Now, let's consider the number of magazines Charlie reads in one day, represented by 𝐾. 𝐾 follows a Poisson distribution with mean 2. The expected value of 𝐾 is given by 𝐸[𝐾] = 2.

Since Charlie reads magazines for 30 days in each month, the total number of minutes he spends reading magazines in one month, 𝑇, can be represented as the sum of 𝑛 independent variables, each 𝑇𝑖, where 𝑇𝑖 is the total number of minutes Charlie spends reading magazines in one day.

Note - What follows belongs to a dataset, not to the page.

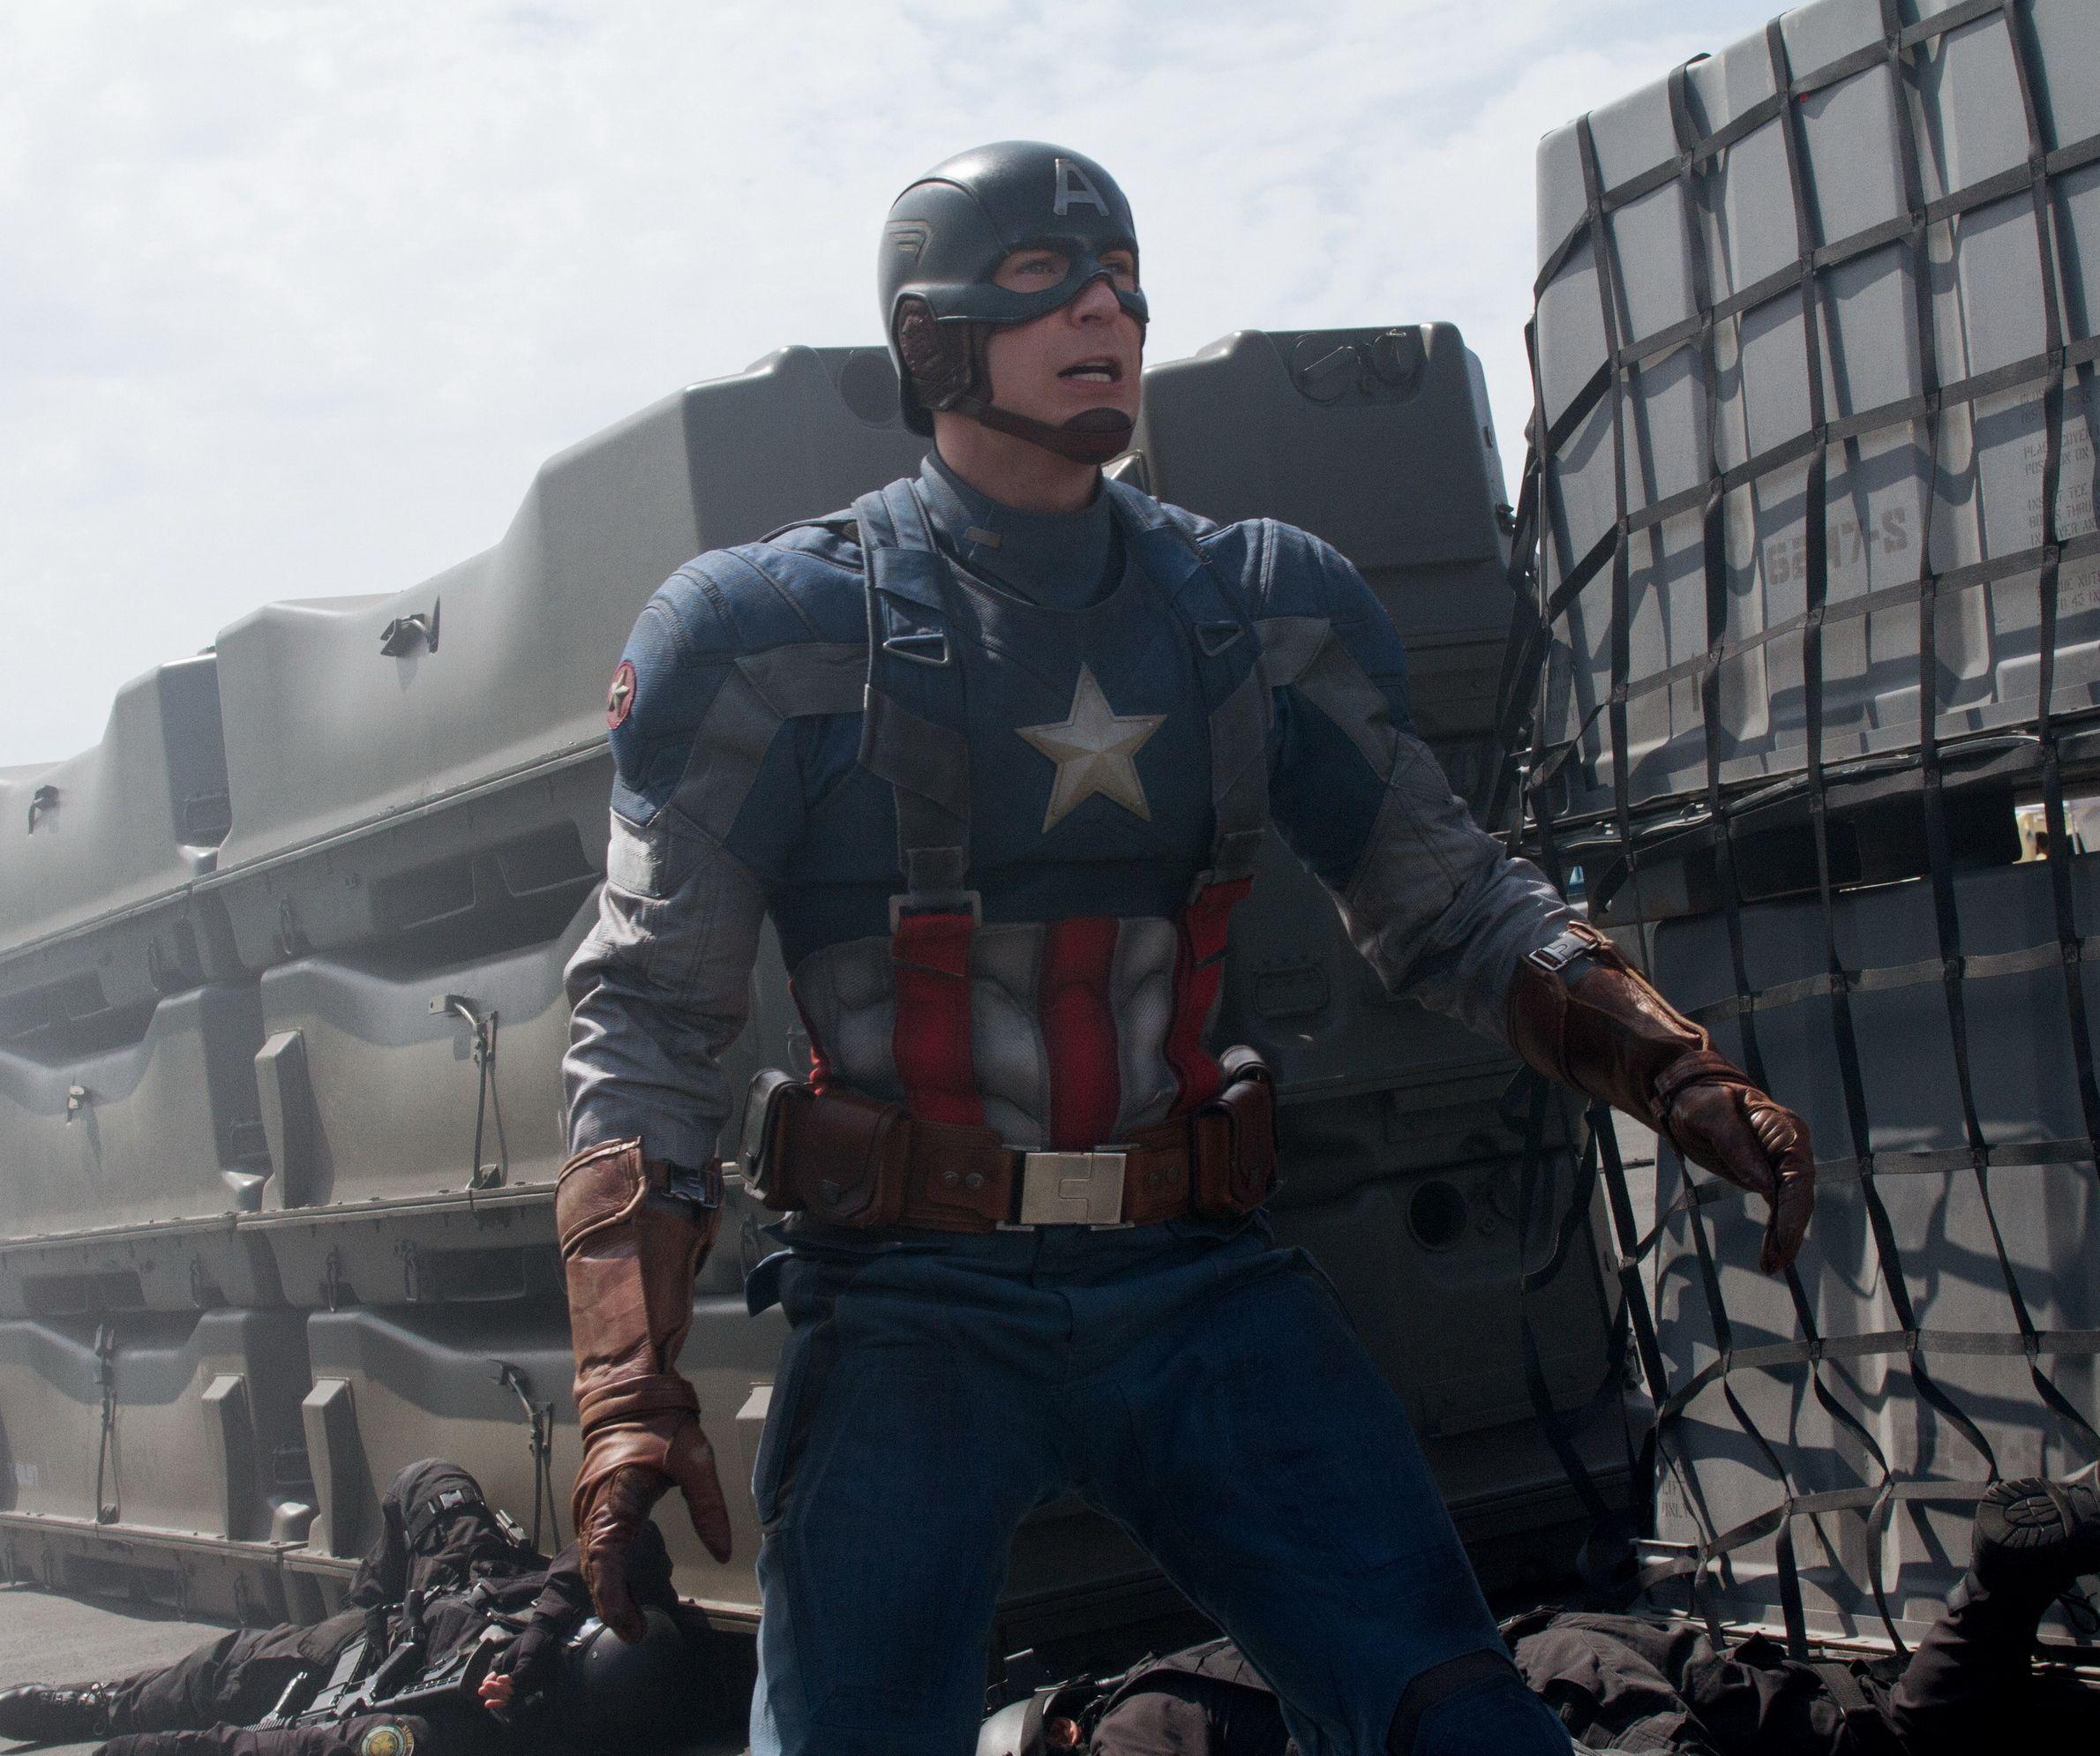 Chris Evans as Captain America: The Winter Soldier

Using the property mentioned in the hint, 𝐸[𝑇] = 𝐸[𝑛𝑇𝑖] = 𝐸[𝑛]𝐸[𝑋] = 30 * 10 = 300 minutes.

Therefore, 𝐄(𝑇) = 300 minutes.

Next, let's find the variance of 𝑇.

Using the property mentioned in the hint, 𝖵𝖺𝗋[𝑇] = 𝖵𝖺𝗋[𝑛𝑇𝑖] = 𝐸[𝑛]𝖵𝖺𝗋[𝑋] + (𝐸[𝑋])^2𝖵𝖺𝗋(𝑛).

Since 𝑇𝑖 follows an exponential distribution with mean 10 minutes, the variance of 𝑇𝑖 is given by 𝖵𝖺𝗋[𝑇𝑖] = (𝐸[𝑇𝑖])^2 = (10)^2 = 100.

Using the Poisson property, the variance of 𝐾 is given by 𝖵𝖺𝗋[𝐾] = 𝐸[𝐾] = 2.

Therefore,
𝖵𝖺𝗋[𝑇] = 30𝖵𝖺𝗋[𝑇𝑖] = 30 * 100 = 3000 minutes^2.

Hence, 𝖵𝖺𝗋(𝑇) = 3000 minutes^2.

Now, let's move on to part 6b.

To approximate the probability that the total number of magazines Charlie reads in one full year is between 3500 and 3600, we can use the central limit theorem.

The central limit theorem states that the sum of a large number of independent and identically distributed random variables, each with a finite mean and variance, will be approximately normally distributed.

Since Charlie reads magazines for 30 days in each month and there are 12 months in a year, the total number of magazines he reads in one year, 𝑌, can be represented as the sum of 12 independent variables, each 𝑌𝑖, where 𝑌𝑖 is the total number of magazines Charlie reads in one month.

The mean and variance of 𝑌 are given by:
𝐸[𝑌] = 𝐸[12𝑌𝑖] = 12 * 𝐸[𝑌𝑖]
𝖵𝖺𝗋[𝑌] = 12𝖵𝖺𝗋[𝑌𝑖] = 12 * 𝖵𝖺𝗋(𝑌𝑖)

Since 𝑌𝑖 follows a Poisson distribution with mean 2, the mean and variance of 𝑌𝑖 are both 2.

Therefore,
𝐸[𝑌] = 12 * 2 = 24
𝖵𝖺𝗋[𝑌] = 12 * 2 = 24

Now, we can use the normal distribution approximation to find the probability that 𝑌 is between 3500 and 3600.

Let 𝑌̄ be the mean of 𝑌, which is 24. Let 𝜎𝑌 be the standard deviation of 𝑌, which is the square root of the variance of 𝑌, so 𝜎𝑌 = √24.

To standardize the values of 3500 and 3600, we use the formula Z = (𝑋 - 𝑌̄) / 𝜎𝑌, where 𝑋 is the random variable being standardized.

The standardized values for 3500 and 3600 are:
Z1 = (3500 - 24) / √24
Z2 = (3600 - 24) / √24

Now, we need to find the probability that 𝑋 lies between Z1 and Z2. We can find this by calculating the area under the standard normal distribution curve between Z1 and Z2.

Using a standard normal distribution table or a calculator, we can find the corresponding probabilities for Z1 and Z2 and subtract the smaller probability from the larger probability to get the desired probability.

The final answer will be the probability that the total number of magazines Charlie reads in one full year is between 3500 and 3600, accurate to at least 3 decimal places.